Scottish Greens Manifesto 2016

Greens are first to publish their manifesto for the elections to the Scottish parliament next month.
https://greens.scot/sites/default/files/Scottish%20Greens%20Manifesto_Online.pdf
Seems full of good ideas, here’s some highlights

– “Hold letting agencies to account. We will promote better regulation to tackle poor service and ensure information is available about good letting agencies and landlords.” nice but alas no mention of support for the poor neighbours of useless landlords
– “We will propose a not-for-profit service to manage major repairs including to tenements. This could be done by existing housing associations or a network” sounds interesting given my frustrations at having 10 neighbours taking zero interest in a leaking roof
– “Widen digital rights. To unlock power in Scotland access to technology must be improved
and digital media must not be vulnerable to control by vested corporate interests. We will
advocate for an independent public Technology and Society Forum to protect digital rights
and improve digital access across Scotland. The Forum would engage the public to help in
drawing up recommendations for government and industry. The internet itself offers tools
to make such a forum open, inclusive and participative.” sounds interesting although a bit vauge
– “Who owns Scotland? Green MSPs will campaign to make all landownership fully transparent and to end the ownership of land in offshore tax havens.” something the SNP backed off from for unknown reasons
– “Oppose more testing. Greens will resist plans for a return to standardised national testing
in schools. More testing contradicts the basis of Curriculum for Excellence.” This is one of the more curious policies of the SNP which I’ve never seen a good reason for
– “Opposing Fracking” hardly a surprise from the Greens, this seems necessary to help prevent/slow climate change.  In one of the leaders’ debates Nicola Sturgeon said she’d ban fracking if it was shown to be bad for the environment which seems like silly fence sitting, it releases CO2 and there is known to be bad for the environment.

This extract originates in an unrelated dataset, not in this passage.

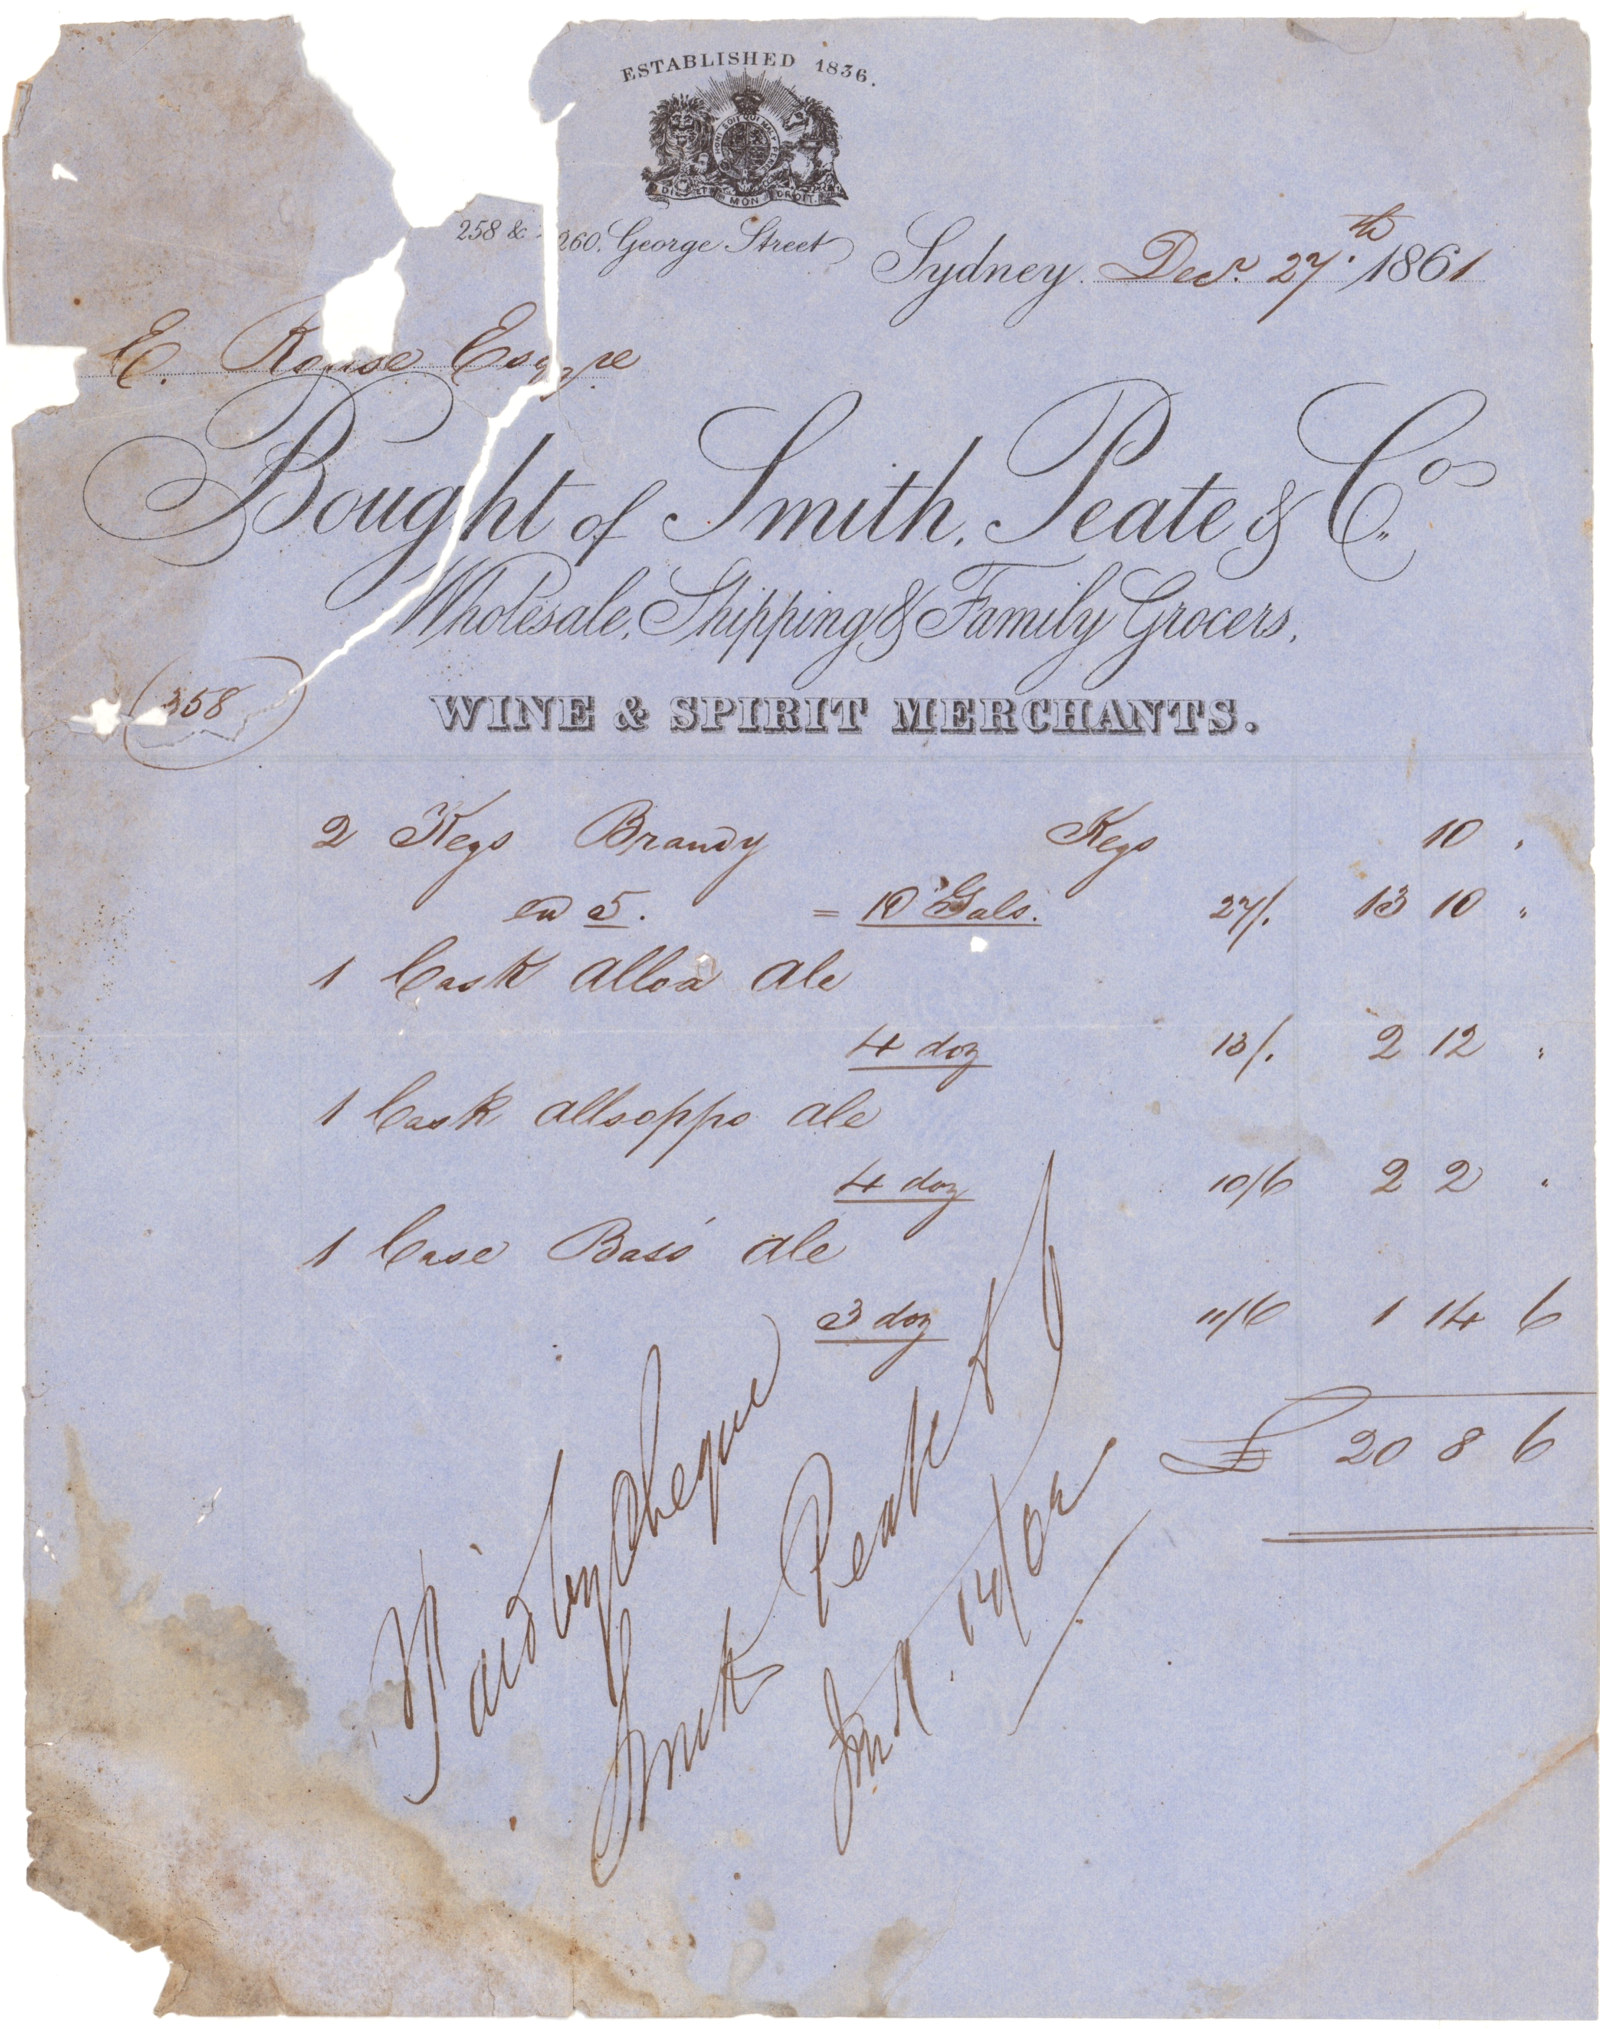 Receipt from Smith, Peate & Co., Wholesale, Shipping & Family Grocers, Wine & Spirit Merchants, 1861

– tax gets its own manifesto https://greens.scot/sites/default/files/Policy/Fair%20Funding%20For%20Public%20Services%202016.pdf with a sensible proposal to replace council tax with value tax, to tax unbuilt on land and jiggle income tax bands in sensible ways.  I don’t have much of an opinion on 60% rate they propose.
– “Our key policies are: Funding for active travel. We will work to increase the proportion of the transport budget spent on active travel to 10%.” very sensible, although sadly no mention of canoeing in active travel as usual
– Community sport “Green MSPs support the expansion of Scotland’s sports clubs through support for volunteering, accessible facilities and funding to enable more women, LGBTI+ people, minority ethnic communities and disabled people to participate.” well yes but every party says that, they also say they want more funding for “support of high-performance sport” which seems to get plenty funding already to the detrement of community sport.

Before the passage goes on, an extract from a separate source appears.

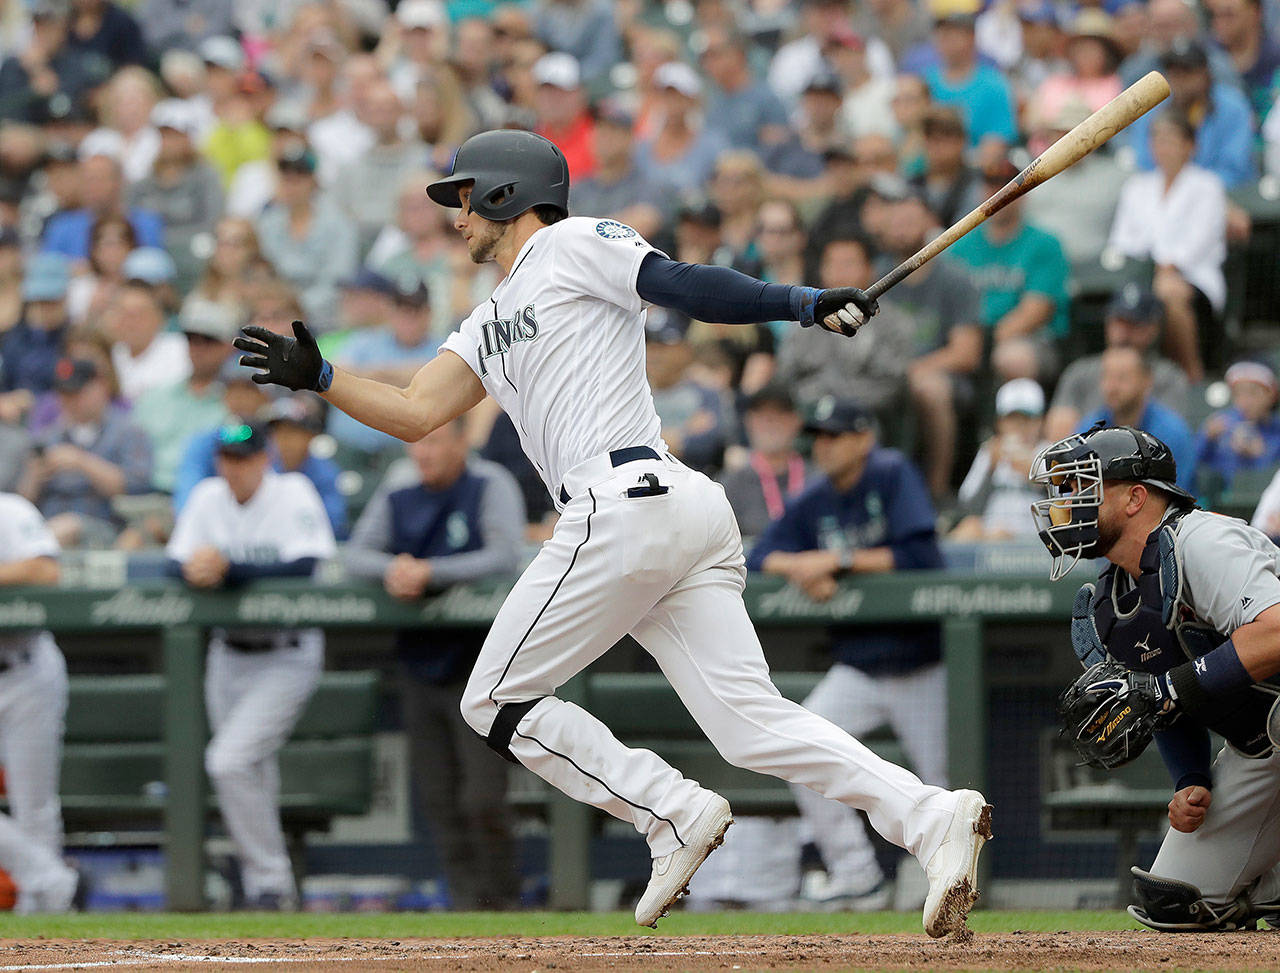 Seattle’s Ryan Court socks an RBI single for his first major-league hit during the Mariners’ 8-1 win over Detroit on Saturday in Seattle. (AP Photo/Ted S. Warren)

– “We need to curb the arms industry. Green MSPs would support measures to curtail the global arms trade by cutting Scottish Enterprise or Scottish Development International support to enterprises involved in arms sales to human rights abusers. We would encourage pension funds to divest away from these enterprises and we would push for a Just Transition Fund to help defence sector workers retrain for careers in other areas such as renewables or transportation.” excellent

Lots of good stuff.  Nothing about open source or open digital standards (where the Scottish Government is far behind the UK government), Patrick Harvie has spoken at conferences I’ve run before but alas that interest doesn’t make it into the public conciousness  Nothing about independence interestingly.  A bit light and fluffy in some areas.  They’re not standing in my constituency but I’m very tempted to vote for them in the list vote especially as I’m a fan of local lady Alison Jonston and land reform guru Andy Wightman.